Search code examples
sasrankproc

Is there a way to name proc rank groups based on values within the group?


So I have multiple continuous variables that I have used proc rank to divide into 10 groups, ie for each observation there is now a "GPA" and a "GRP_GPA" value, ditto for Hmwrk_Hrs and GRP_Hmwrk_Hrs. But for each of the new group columns the values are between 1 - 10. Is there a way to change that value so that rather than 1 for instance it would be 1.2-2.8 if those were the min and max values within the group? I know I can do it by hand using proc format or if then or case in sql but since I have something like 40 different columns that would be very time intensive.


Solution

  • It's not clear from your question if you want to store the min-max values or just format the rank columns with them. My solution below formats the rank column and utilises the ability of SAS to create formats from a dataset. I've obviously only used 1 variable to rank, for your data it will be a simple matter to wrap a macro around the code and run for each of your 40 or so variables. Hope this helps.

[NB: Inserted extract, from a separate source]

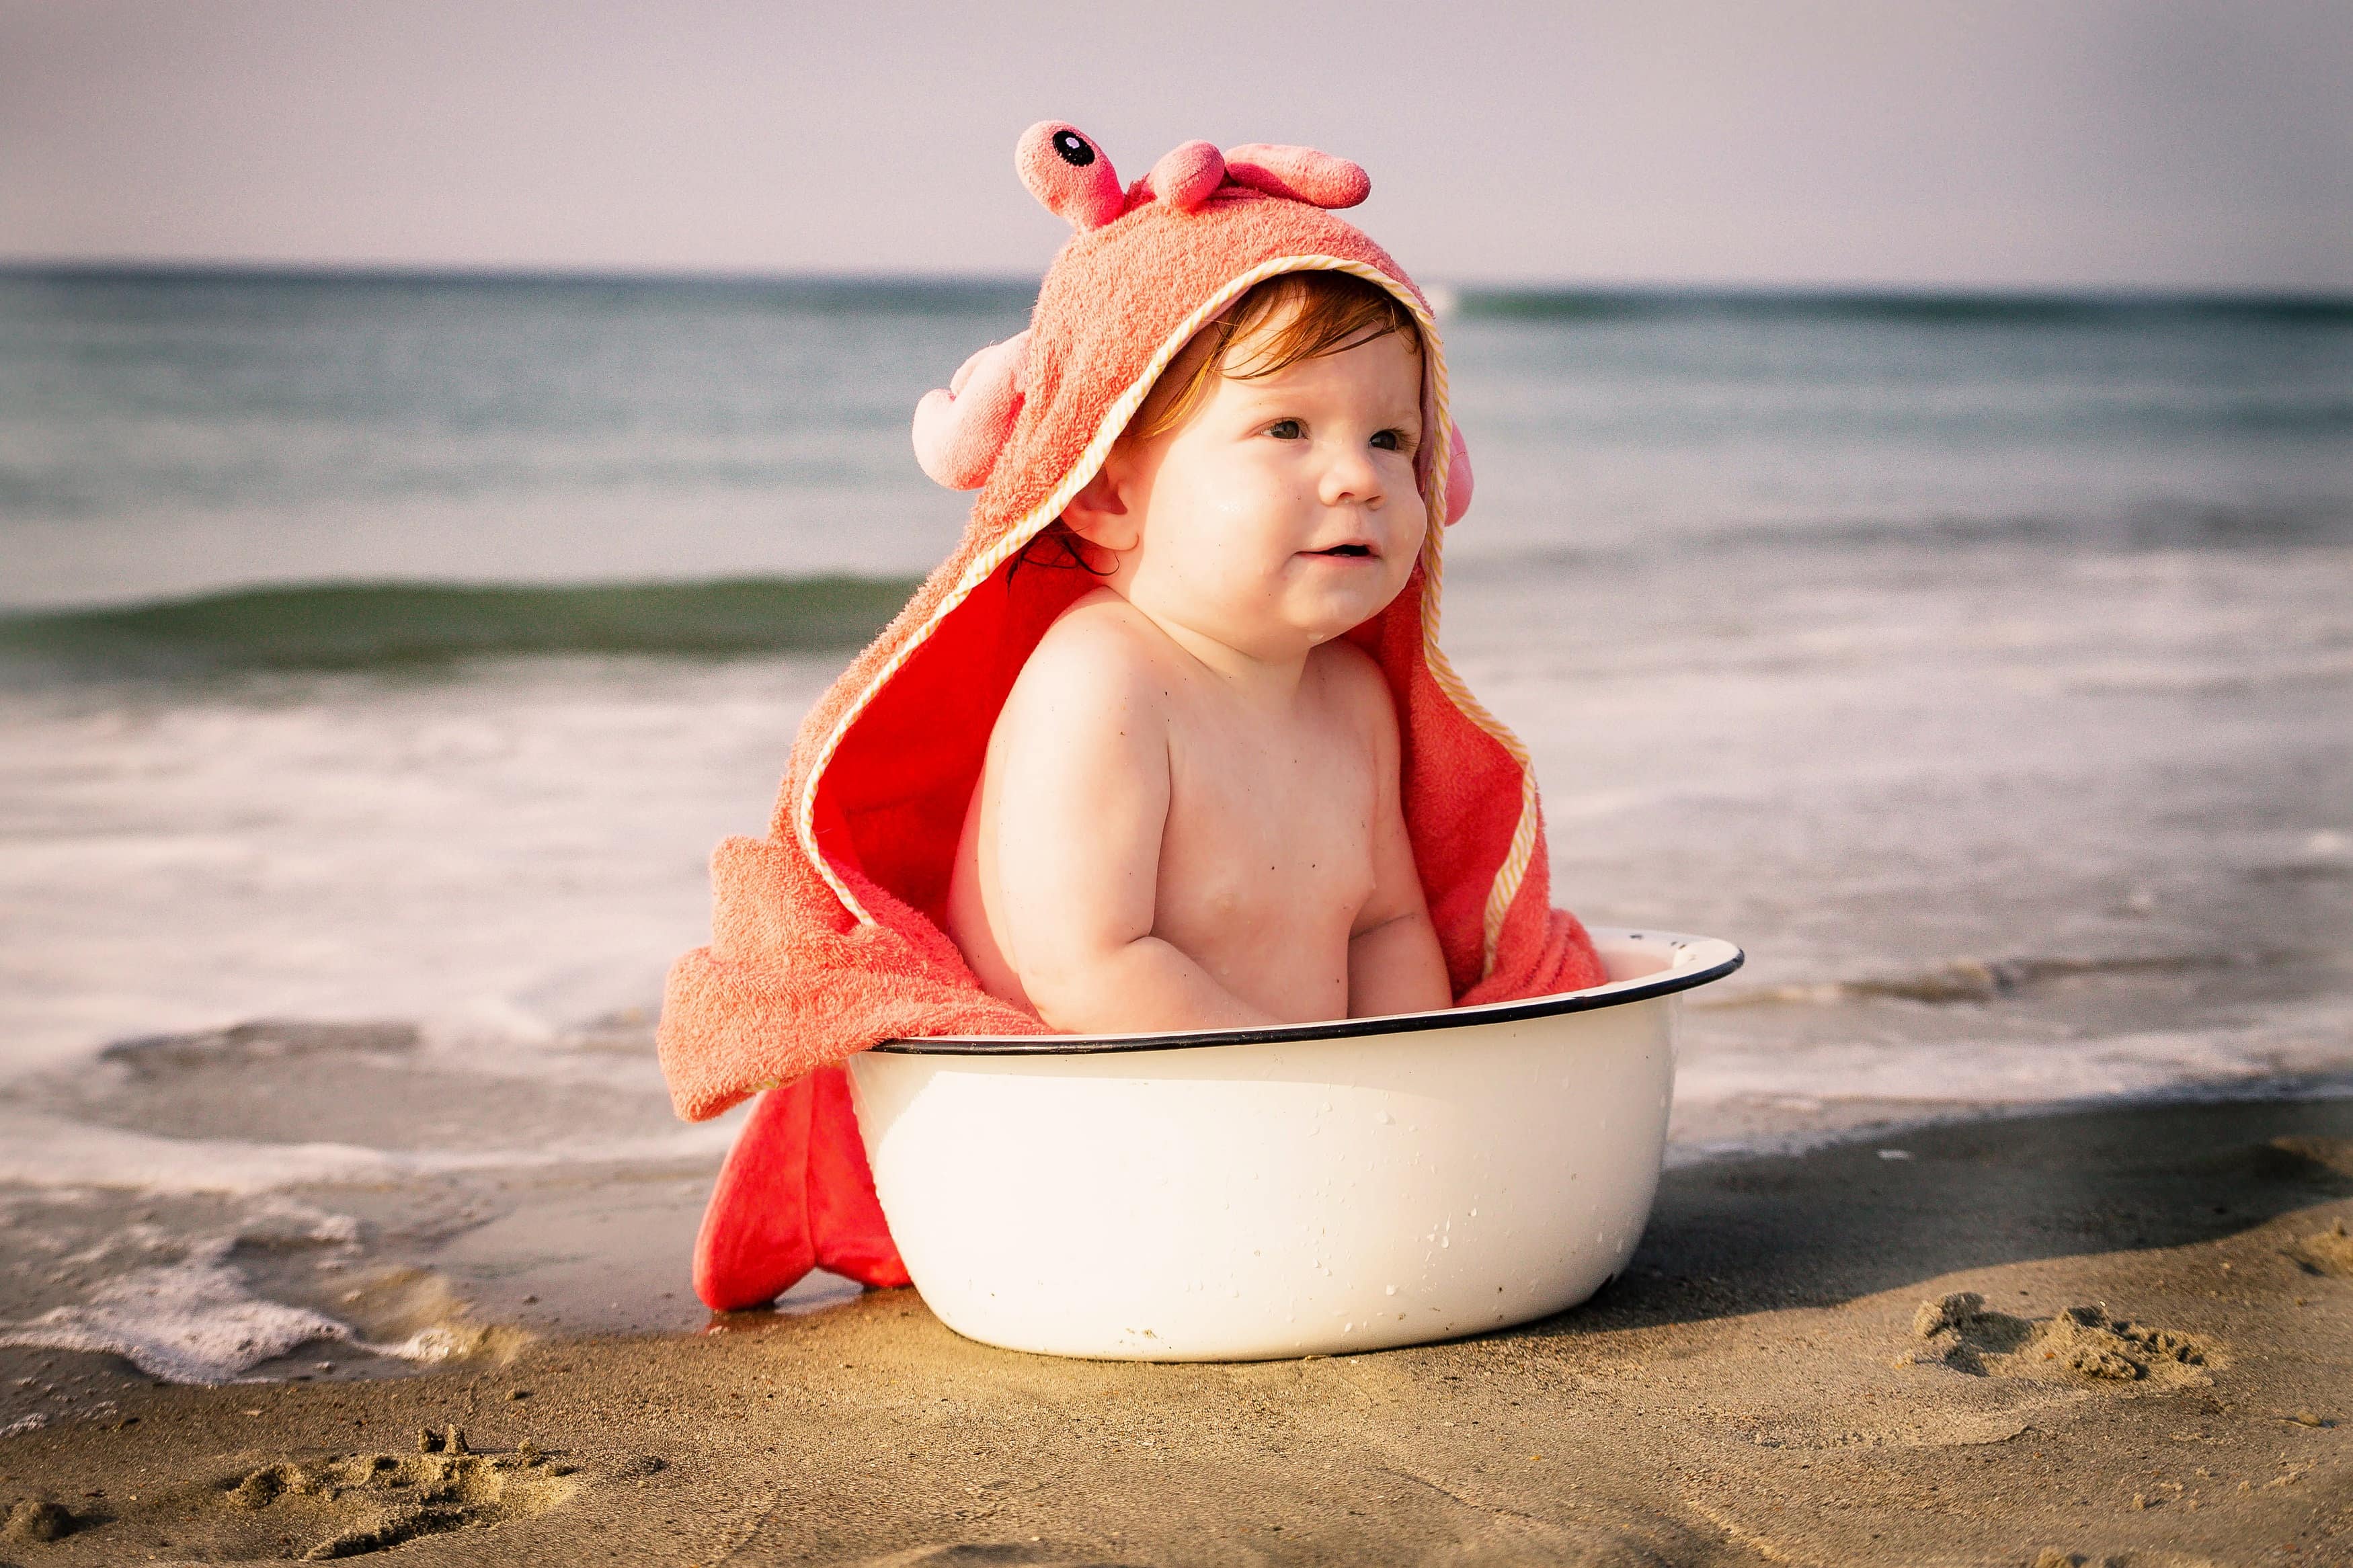 Some of the best baby friendly holidays involve beach fun

    /* create ranked dataset */
    proc rank data=sashelp.steel groups=10 out=want;
    var steel;
    ranks steel_rank;
    run;
    
    /* calculate minimum and maximum values per rank */
    proc summary data=want nway;
    class steel_rank;
    var steel;
    output out=want_min_max (drop=_:) min= max= / autoname;
    run;
    
    /* create dataset with formatted values */
    data steel_rank_fmt;
    set want_min_max (rename=(steel_rank=start));
    retain fmtname 'stl_fmt' type 'N';
    label=catx('-',steel_min,steel_max);
    run;
    
    /* create format from previous dataset */
    proc format cntlin=steel_rank_fmt;
    run;
    
    /* apply formatted value to rank column */
    proc datasets lib=work nodetails nolist;
    modify want;
    format steel_rank stl_fmt10.;
    quit;